At work, I’m rewriting some messy C++ Rust code.

Because of heavy use of callbacks (sigh), Rust sometimes calls C++, and C++ sometimes calls Rust. This is all thanks to the fact that both languages ​​provide C APIs for functions that can be called from the opposite language.

This applies to functions; but what about C++ methods? Here’s a little trick that lets you rewrite one C++ method at a time without a headache. And by the way, this works regardless of the language you rewrite the project in, it doesn’t have to be Rust!

Cunning

  1. Create standard‑layout class C++. It is defined by the C++ standard. Simply put, it makes a C++ class look like a regular C structure with some caveats: for example, a C++ class can still use inheritance and some other features. But what is especially important, virtual methods are prohibited. This limitation doesn’t bother me because I never use virtual methods and it’s my least favorite feature in any programming language.

  2. Create a Rust framework with exactly like that the same layout as in the C++ class.

  3. Create a Rust function with the C calling convention where the first argument is a Rust structure to create. Now you can access every member of a C++ class!

Note: Depending on the C++ code you’re working with, the first step may be trivial or impossible. This depends on the number of virtual methods used and other factors.

In my case, there were several virtual methods that could be successfully made non-virtual.
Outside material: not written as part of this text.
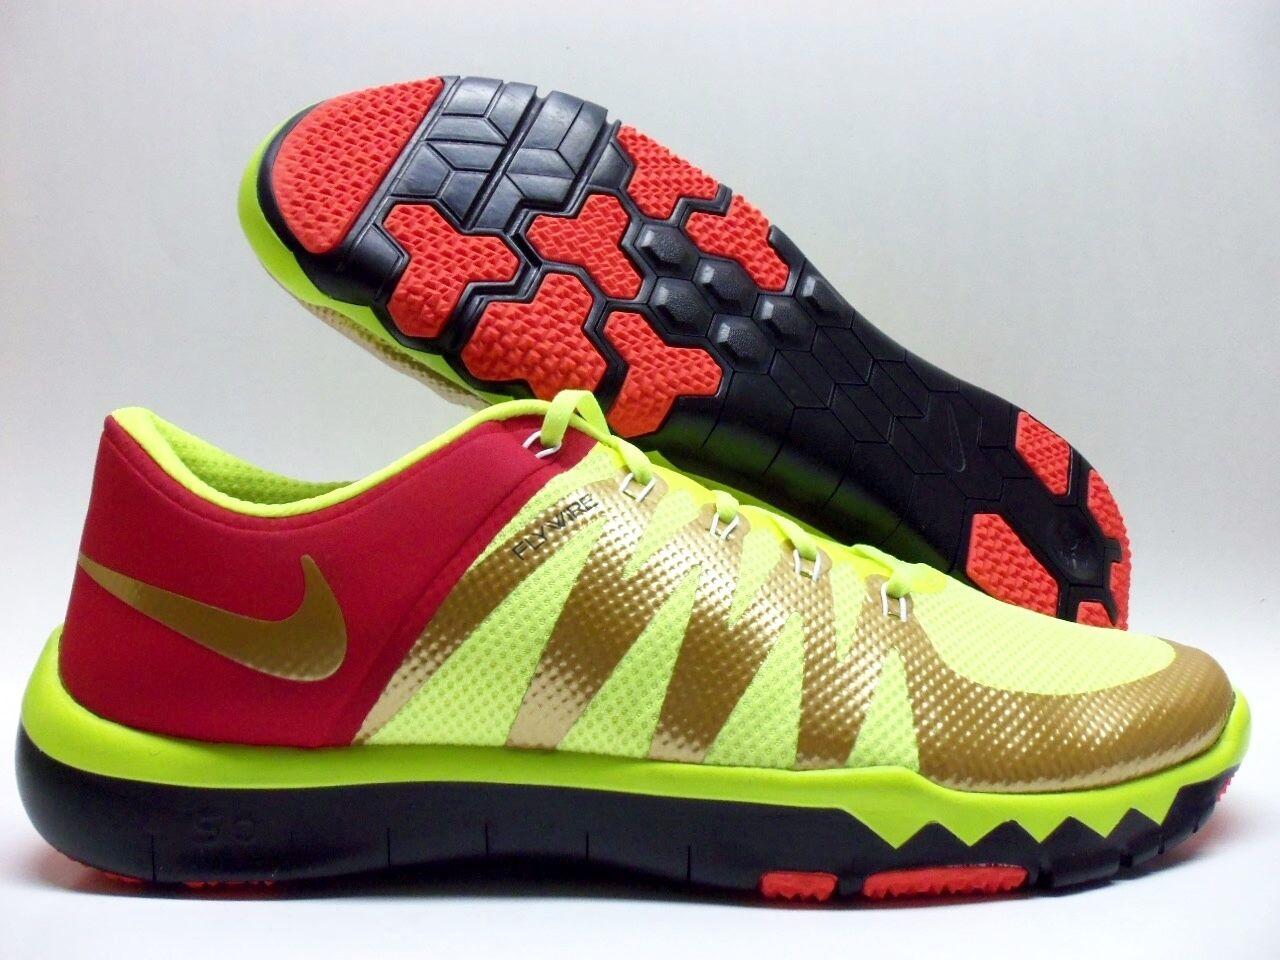 Nike libera 5,0 tr id volt / gold-gym dimensioni metallico red-nero dimensioni gold-gym uomini 15 - 803218-991] 4ae4cf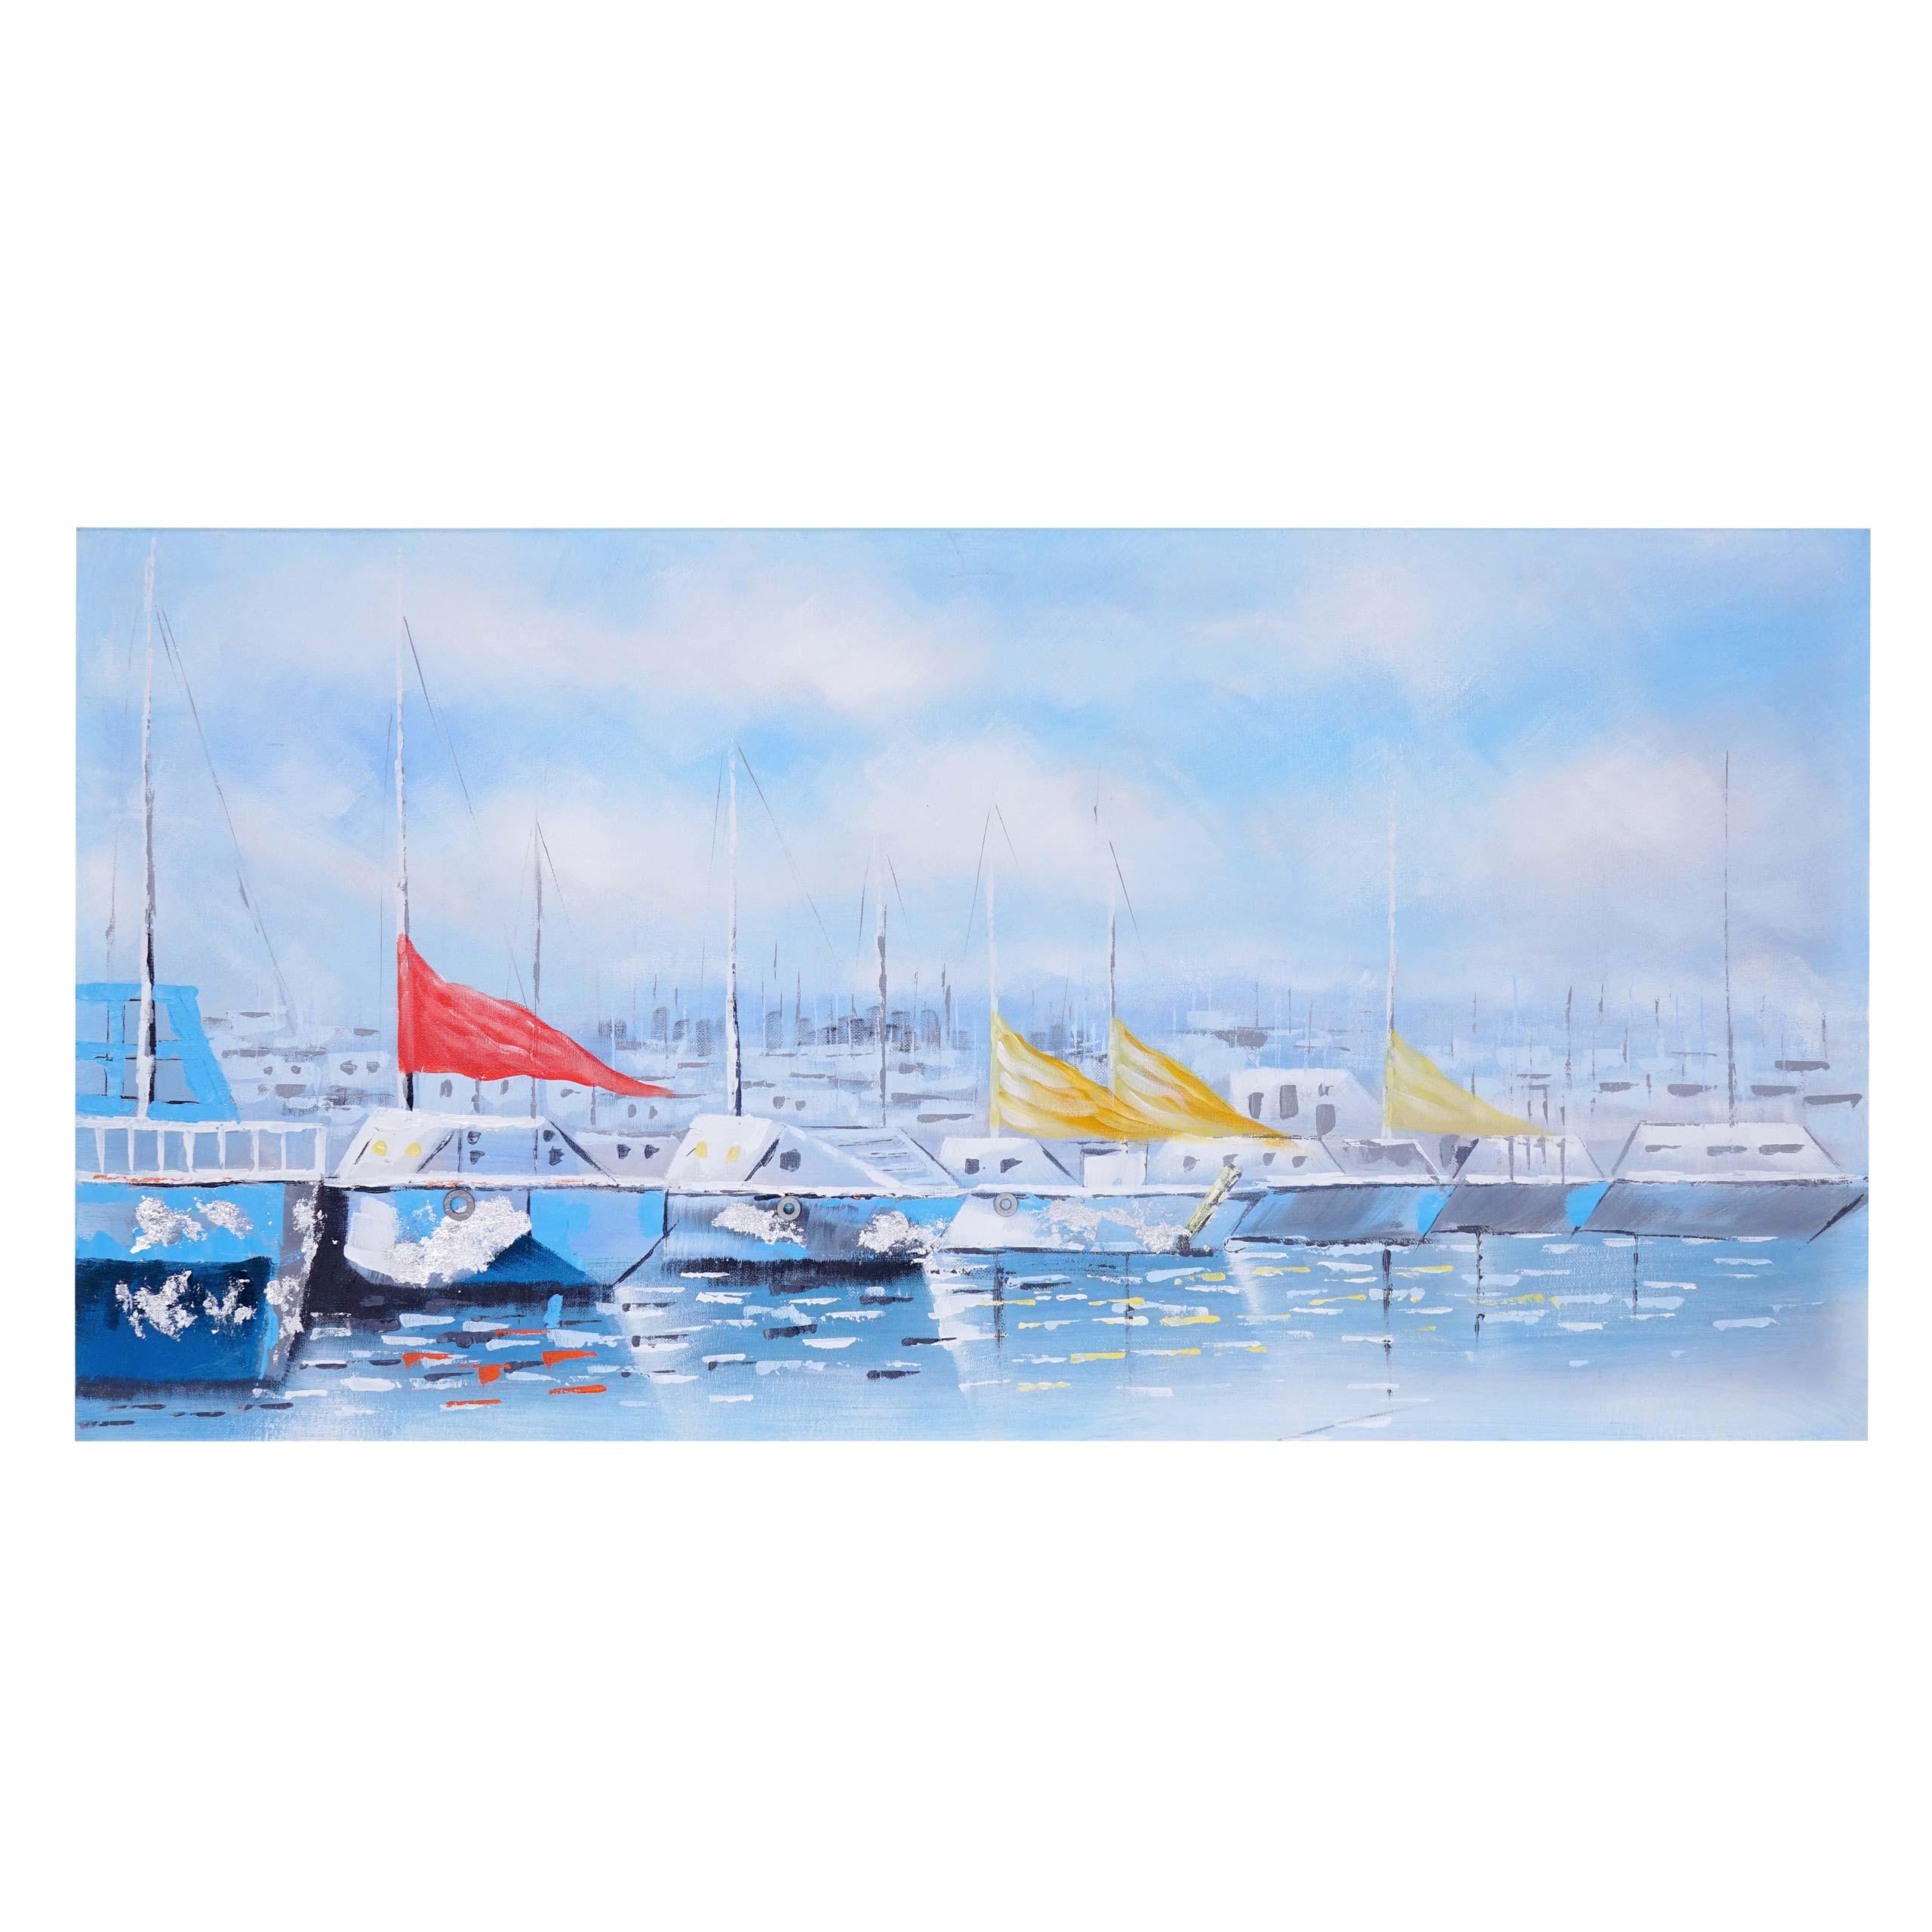 Mendler Ölgemälde Boote, 100% handgemaltes Wandbild Gemälde XL, 140x70cm ~ Variantenangebot 59449

Sound too abstract? Let’s look at an example!

example

Here is our C++ class User. It stores name, UUID and number of comments. The user can write comments (just a line), which we display on the screen:

// Path: user.cpp

#include 
#include 
#include 
#include 

class User {
  std::string name;
  uint64_t comments_count;
  uint8_t uuid[16];

public:
  User(std::string name_) : name{name_}, comments_count{0} {
    arc4random_buf(uuid, sizeof(uuid));
  }

  void write_comment(const char *comment, size_t comment_len) {
    printf("%s (", name.c_str());
    for (size_t i = 0; i 

Let’s first make sure the class is responsive standard‑layout. Let’s add this check to the constructor (you can place it anywhere, but the constructor is a perfectly suitable place):

// Path: user.cpp

    static_assert(std::is_standard_layout_v);

III… the project is successfully assembled!

Now on to the second step: let’s define an equivalent class on the Rust side.

Let’s create a new library project on Rust:

$ cargo new --lib user-rs-lib

Let’s place our Rust framework in src/lib.rs.

We need to be careful about the alignment and order of the fields. For this we notice the structure as repr(C)to make the Rust compiler use the same layout as C:

// Path: ./user-rs/src/lib.rs

#[repr(C)]
pub struct UserC {
    pub name: [u8; 32],
    pub comments_count: u64,
    pub uuid: [u8; 16],
}

Note that if you want to, fields in the Rust structure can be named differently.

It is also important to note that std::string represented here as an opaque 32-byte array. This is because on my machine, with my standard library, sizeof(std::string) is 32. This is not guaranteed by the standard, so this approach makes the code not very portable. We’ll look at possible workarounds for this limitation at the end. I wanted to show that using standard library types does not prevent a class from being standard‑layout class, but also creates certain difficulties.

Let’s forget about this obstacle for now.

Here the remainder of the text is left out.